Şairde göz kamaşması
Yok eğer şair, benliği kabarıp bilinç kapanmasına bağlı olarak bir göz kamaşmasına tutulursa, otobana Temel gibi ters yönden girecek ve mutlaka bir yere toslayacaktır. Bu yer, örneğin Vatan Savaşı kayası olabilir.
Şair olayları doğru gözlemleyebilmek için gözünü dört açmalıdır. Yok eğer gözü karardı, herhangi bir nedenden ötürü görüşü perdelendiyse, örneğin HDP üst kavşağından döndüğü anda kendini PKK alt geçidinde bulabilir.
Şairin ileri görüşü, yani görüş mesafesi siyasetçinin görüş mesafesinin çok önündedir. Aynı zamanda şairin dikiz aynası, yani geçmişi yansıtan aynası sık sık silinmeli, kaymışsa düzeltilmelidir. Aksi taktirde görüş zaviyesi, zafiyete dönüşür ve “son tahlilde” (Yavuz Aloğan’ın kulakları çınlasın), örneğin kendini, Foreign Policy kapak yıldızı Meral Akşener ile yan yana ABD bayrağında dalgalanırken bulabilir!
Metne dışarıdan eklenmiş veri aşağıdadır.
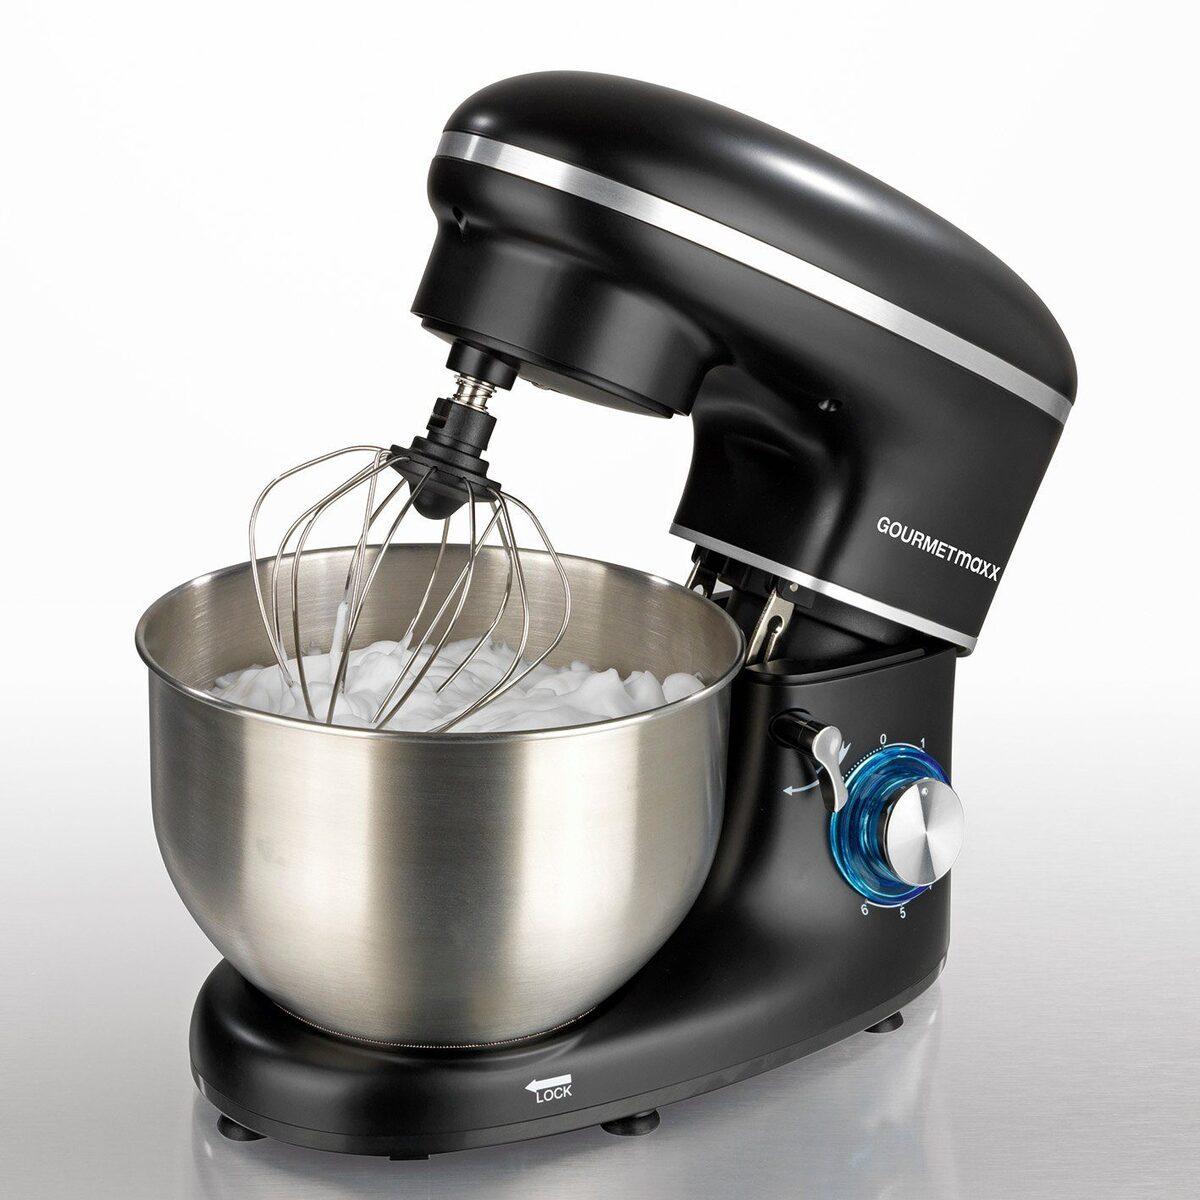 Bild 2 von GOURMETmaxx Küchenmaschine, 6 Geschwindigkeitsstufen
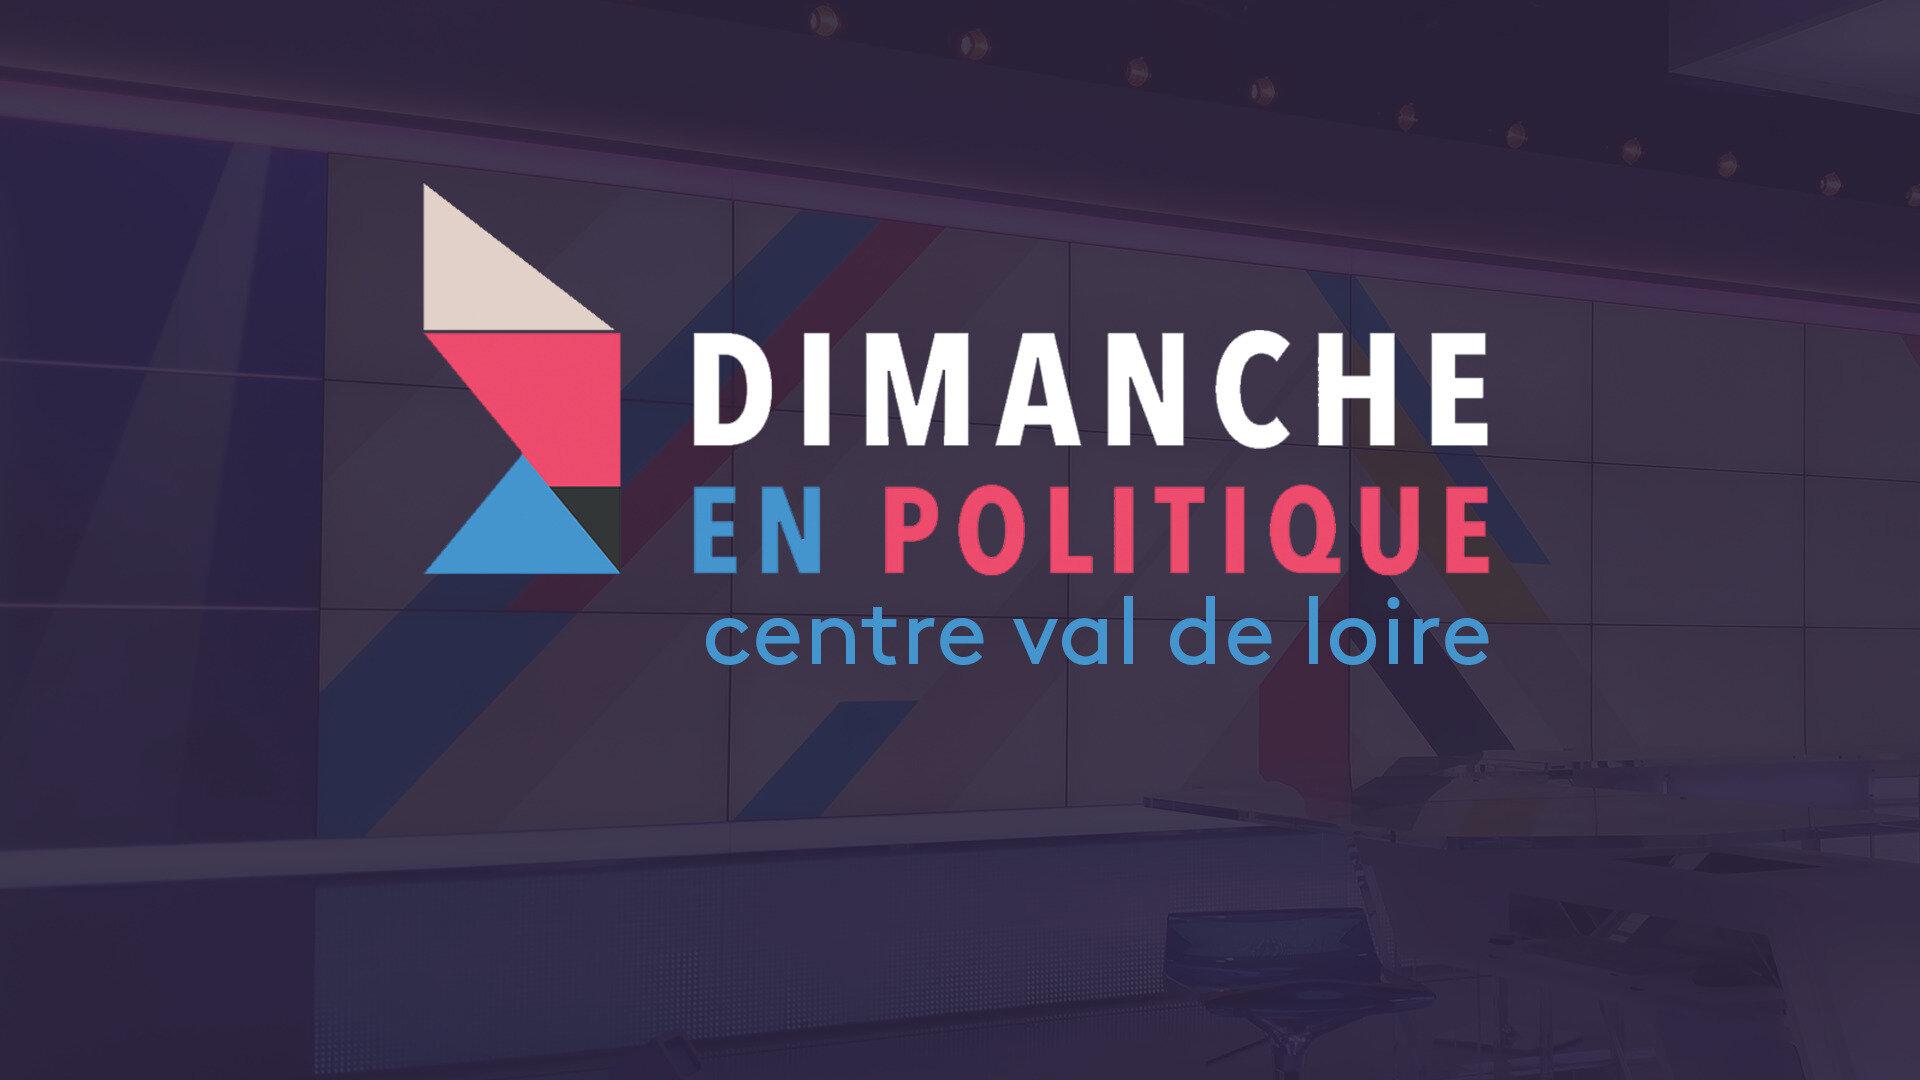 Dimanche en politique - Centre-Val de Loire

Anons: “Dikkat! Dikkat! Ters yön!”
Ben şairim diyorsan
Ben şairim diyorsan, kefen gömlek giysene,
Dikenli gömlek, gülün akça teni yırtması.
Tenindedir definin, günün dört kez batması,
Ben şairim diyorsan, seli tende boğsana.
***
Geldi sözün sırası, yandı cevher çırası,
Yaktın da yanmaz oldu, iki güneş sağsana.
Yüreğini yedirip sırra yetmek istersen,
Ben şairim diyorsan, Nazımca dayansana.
***
Gün erişti geçiyor, söz gümüşü paslandı,
Sükut postu altında ölüce yatmadasın.
Yunus’tan Karaca’dan azıcık ünün aldıysan,
Ben şairim diyorsan, çığlıkları duysana.
***
Sarıca çiçeğe gök, gönül yolu süsüdür,
Ben şairim diyorsan, dert onun büyüsüdür.
Dillerin tutulmasın dut yemiş bülbül gibi,
Uçurumu geçerken gönül gözün açsana.
***
Hecede, bilmecede kül bırakmayan koca,
Kalıcıyım diyorsan bu aymazlık nicedir?
Kaldırdılar yarini sen dağa bakıcısın,
Kıydın yurda kıyımca, bu nasıl şaircedir?
***
Yağsa dolu taneler baktığın dağ eğrilir,
Her biri bir gülledir basar ağırlığınca,
Gökten inen tanenin tozunda tonla kudret,
Ben şairim diyorsan, yükün göğe assana.
***
Sayrı mısın sağca mı, kapın dokuz kilitli,
Pencere kırığında dolunay kesilmesi.
Ben şairim diyorsan boşalıp da dolsana,
Avucunun içinden bir halkın su içmesi.
***
Anadolu kayası gönüller kaynaması,
Şirin ile Zin’imden bir habercik sorsana.
Kucaklaşan yiğidin kutludur türkücesi,
Birliktir gerekçesi, bire direk olsana.
***
On sekiz bin alemi sağdan sola çeviren,
İsyan sokağa iner, kişi celladını yer,
Çürümüş katlar çöker, yuvarlanır küreler.
Ben şairim diyorsan, fırtına üflesene!